Cora James lives in the heart of the Harlem Renaissance. She works in the Harlem Library, rubbing shoulders with the best and the brightest Black writers in New York City. She’s married to a bassist whose music helps form the beat of the era. But Cora herself is trapped, her hopes and dreams submerged beneath layers of societal and familial expectations. Dreams are rising around her, and excitement is in the air, but what does it mean for a working mother of two?
Cora’s Kitchen, the first novel by former North Central College professor and Naperville denizen Kimberly Garrett Brown, brings women’s voices, experiences, and aspirations into stark relief against the often male-dominated world of the Harlem Renaissance. Cora’s world might be alight with life, pulsing with vitality and voices and people striving to be heard, yet she’s still trapped, held back by racism and sexism.
Through her tight focus on one woman’s voice—and her occasional letters from a fictionalized Langston Hughes—Brown illuminates not only Cora James but her world and, beyond her world, the worlds inhabited by women more generally. Cora speaks directly to us, her first-person voice emerging from dated diary entries, short stories, and letters to Hughes, whose occasional letters to Cora are the only times a voice comes to us without Cora’s mediation. At one point Cora comments, “Women probably jibber-jabber so much because men don’t give them room to think, much less talk.” We are held so tightly in Cora’s life—and in her head, where we see building all the things she cannot say—that her words hit especially hard.
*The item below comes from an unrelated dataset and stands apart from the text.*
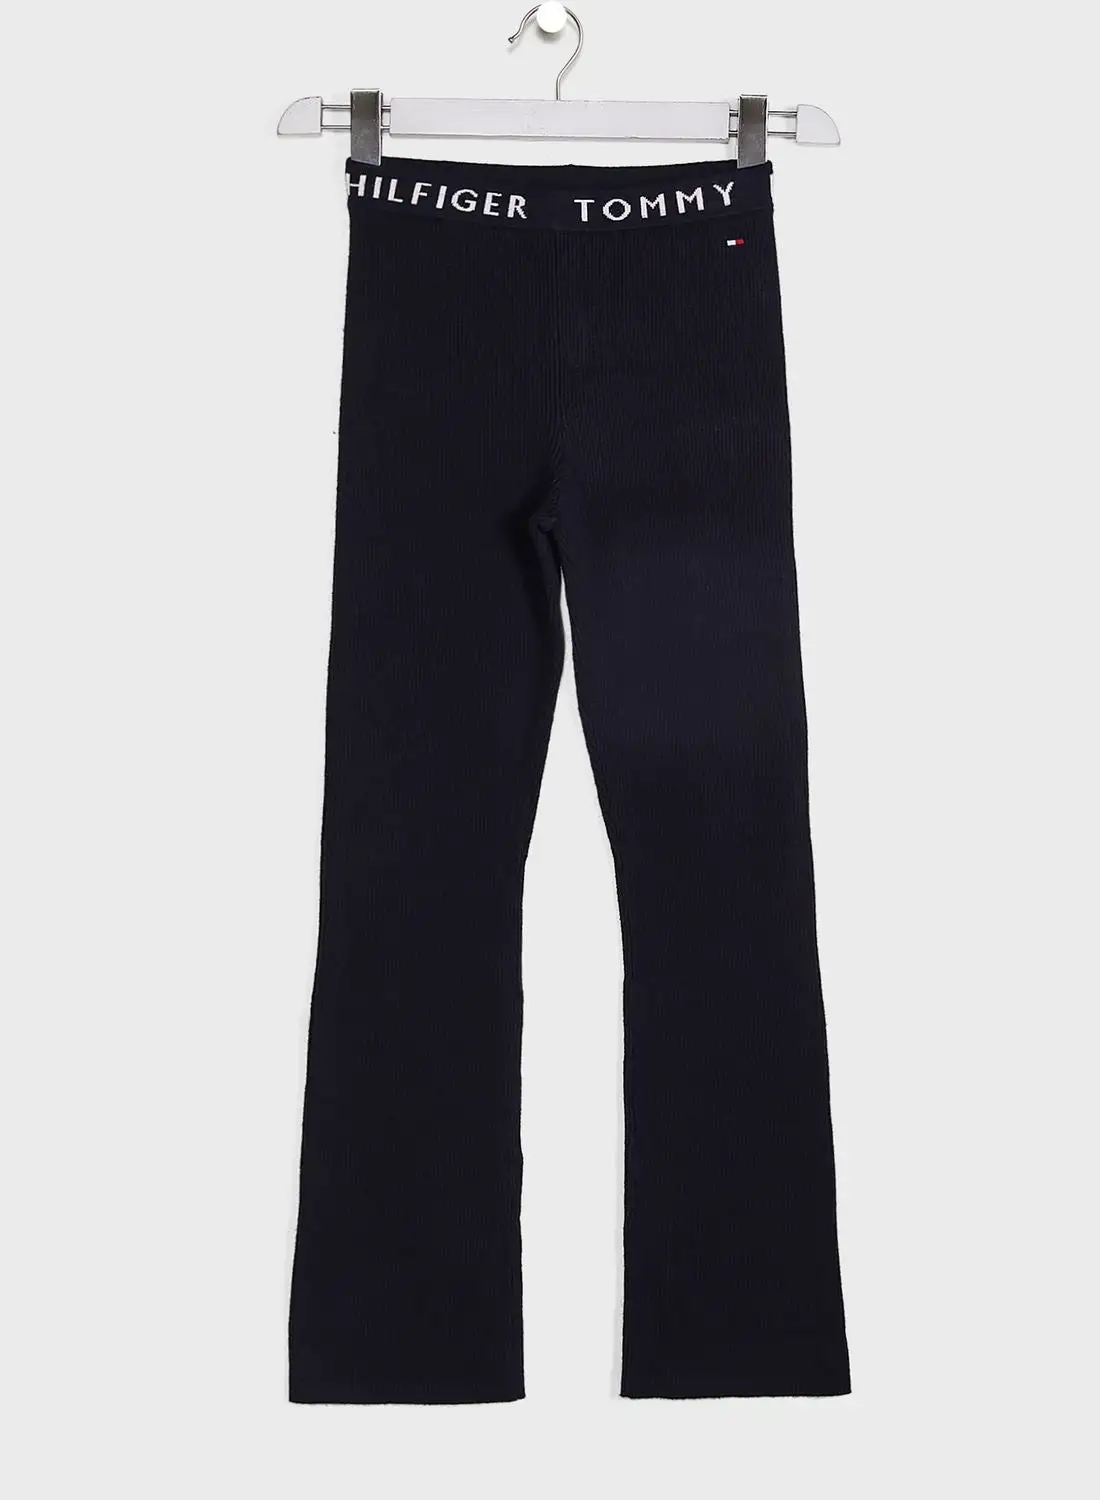 TOMMY HILFIGER Kids Essential Trousers

While Cora’s husband Earl is out playing clubs at night, Cora is navigating a world of women, forever constrained by men—and by race. Like so many other women, she must manage domestic worlds, whether she wants to or not. Her husband doesn’t exactly help, either with the kids (he prefers, Cora notes at one point in the novel, when they don’t intrude on his real life) or with the laundry. The new washing machine in the basement saves Cora time and costs 25¢ a load, and Earl isn’t happy about it: “Earl says we should be saving those quarters, but he isn’t the one rubbing the clothes on that washboard until his fingers are raw.” The basement is pretty creepy—aren’t all rental basements?—but, as Cora tells us, the machine “saves a lot of time”—and, I’d assume, also her fingers.
She also is in charge of managing familial relationships. When she subs for her cousin, who must recover after yet another beating by her feckless, abusive husband, Cora is thrust into waters she’s never quite tested. Here, she meets a bored, desperate white woman, Eleanor, who is in her own way as desperate as Cora herself. It is here, in Cora’s relationship with Eleanor and in Eleanor’s relationships with Cora and other women, that we will begin to see Cora’s belief in women sticking together as it takes full form, a radical philosophy in a time of surging activism.
Cora’s Kitchen is deceptively domestic. Here, Cora moves from home to home, and from kitchen to kitchen. Like so many working mothers before and after her, she must figure out how to keep the kids fed and the laundry washed and the clothes ironed and everything running as smoothly as possible, but it comes at the cost of losing herself and her ambitions. Writing of meeting her husband, she notes that they were going to “live beyond the conventions of typical Negro life”: Earl would be a musician, and Cora a writer. But those turned out to be pipe dreams, as “reality settled in after Junior was born. One of us had to get a dependable job. The library hardly felt like a concession on my part.”
Brown deftly layers Cora’s Kitchen, allowing Cora worlds of her own even as she is constrained by everyone from her husband to the structural racism and sexism facing her in the world outside her door. (And inside, too, for that matter.) There are rare discordant moments—as a librarian I find it hard to believe Cora would not have found interest among her patrons, since, let’s face it, people might be obnoxious or weird or pushy but they’re always interesting. But, overall, Cora James is an engaging, companionable narrator, one for whom readers will root—and many of us will recognize her struggles, and hope for her triumph the more.
Cora's Kitchen is available at most booksellers and through the Inanna Publishing website.